The felix team is passionate about supporting projects close to home, which is why we’re excited to share that we’re donating to not one, but two Australian projects on behalf of our community for the months of July-September. These two projects share lots of similarities, including working with local Indigenous communities, providing native vegetation and creating habitat for native animals.
The project in Southwest Western Australia is called the Ecological Restoration Project and is working in one of the world’s top 25 biodiversity hotspots, with 50% endemism of plant species (found nowhere else on earth). Many of the species here hail from prehistoric times as the region has been unglaciated for more than 250 million years. The area itself has been historically over-cleared for agriculture, and as a result, the remaining ecosystems are fragmented and in need of expansion to support resilience for the future.
The second project will take place on South Australia's York Peninsula, and will work closely with the Traditional Owners of the land, the Narungga people. This project is focusing on restoring native vegetation and increasing landscape connectivity, while providing important habitat for numerous threatened species including the Southern Hairy Nosed Wombat.
The Plant Trees for Chimpanzee’s project in Uganda is setting out to help restore a huge area of chimpanzee habitat in the Albertine Rift region of Uganda.
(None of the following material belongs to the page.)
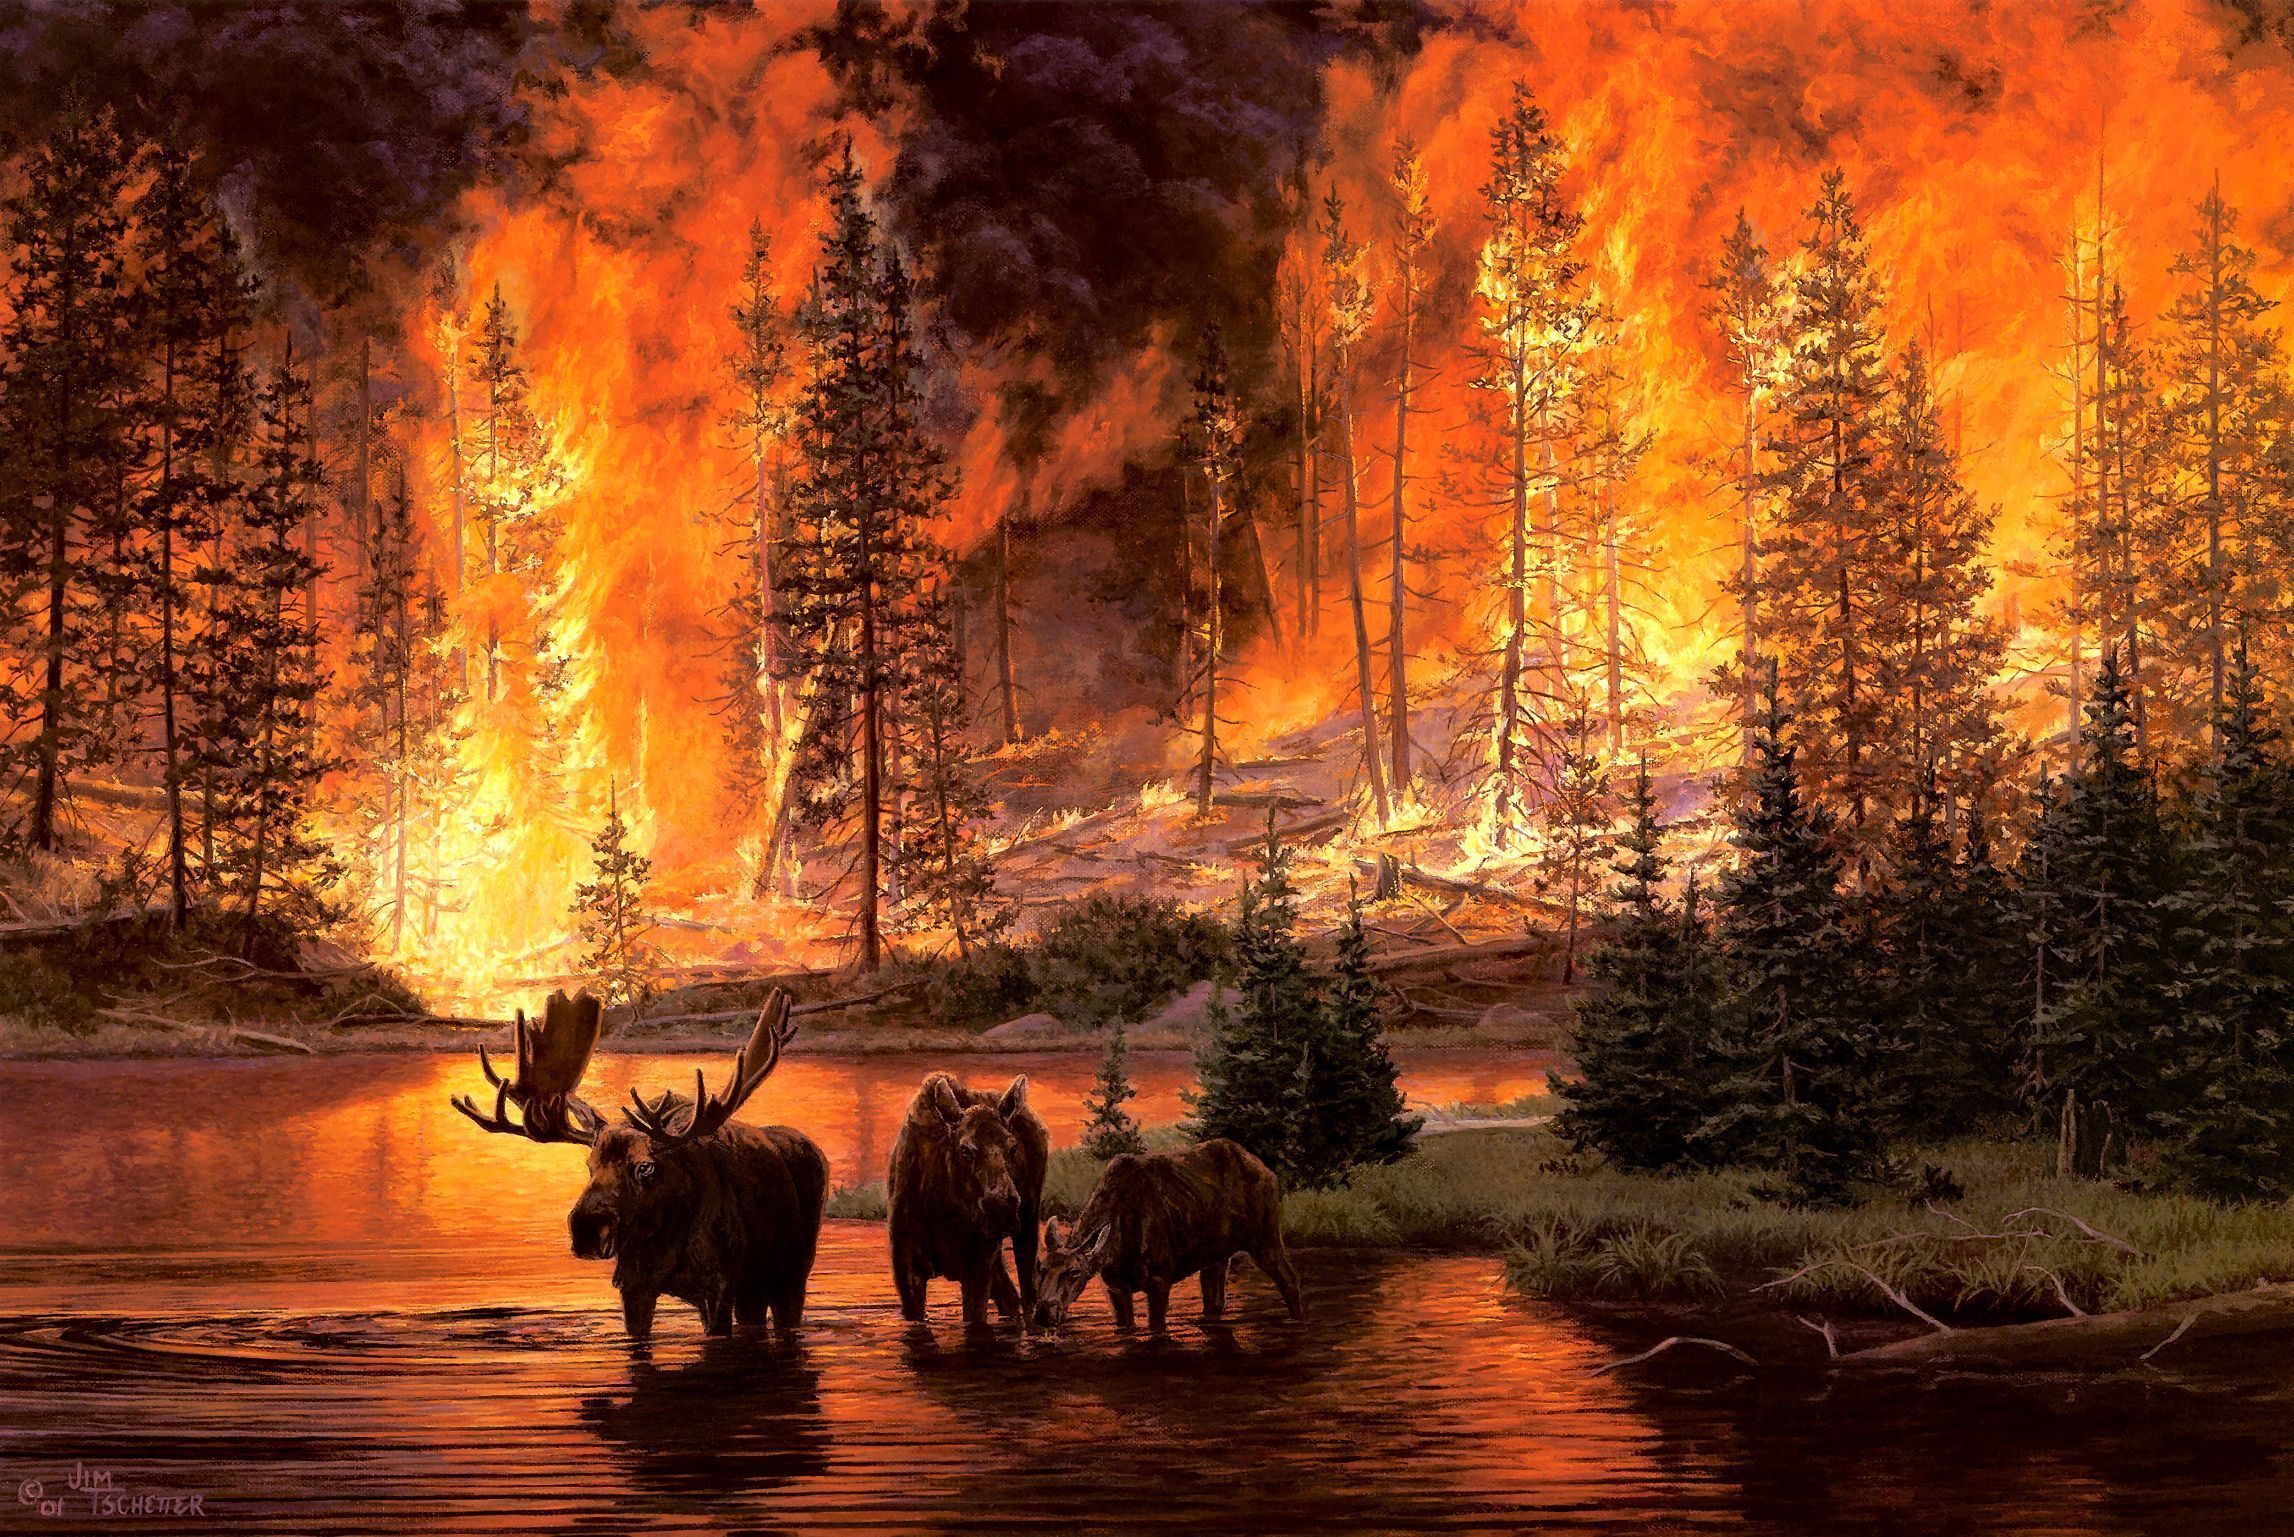 jim tschetter, Jim, Tschetter, Animals, Moose, Nature, Paintings, Artistic, Art, Landscapes, Fire, Flames, Trees, Forests, Situation Wallpaper

Donations here will go towards planting trees as part of a broad long-term and large-scale initiative that will connect forests for wildlife, establish tree nurseries, strengthen forest monitoring and law enforcement to prevent future deforestation while promoting agroforestry practices that integrate trees into farming systems and much more.
This impactful project in Bhutan will add ecological value to open, unused farmlands by planting high-value fruit trees, especially in the eastern and central regions of Bhutan where the poverty rate is high.
The reforestation approach will be focused on improving the landscape that’s deforested, degraded, and under-utilised. It will also create a bunch of additional benefits including improved food security by providing fruit and nuts to the local community, as well as clean water and carbon sequestration.
The type of trees that will be planted here include walnut, hazelnut, chestnut, cherry, plum, apple, peach, pear, avocado and mango trees.
Project Plant for Punjab is helping plant thousands of trees in villages across 12 districts of the Punjab region of India. This initiative is seeking to plant one billion trees to boost its low green cover and restore ecological balance by planting Indigenous trees.
Our local partners through One Tree Planted do an amazing job at growing and nurturing the plant species before they are planted to ensure a high survival rate. They not only provide technical support to the village when getting the plants ready but also ensure they provide support for up to three years through watering, manure application and replanting if necessary.
Trees contributed: 72,676
This wonderful project took place in South-West of WA and is home to incredible national parks – a project we were so excited to contribute to in 2021.
Known for being a global biodiversity hotspot, this area suffered tremendous damage from decades of over-clearing for agriculture and bushfires throughout 2019-2020.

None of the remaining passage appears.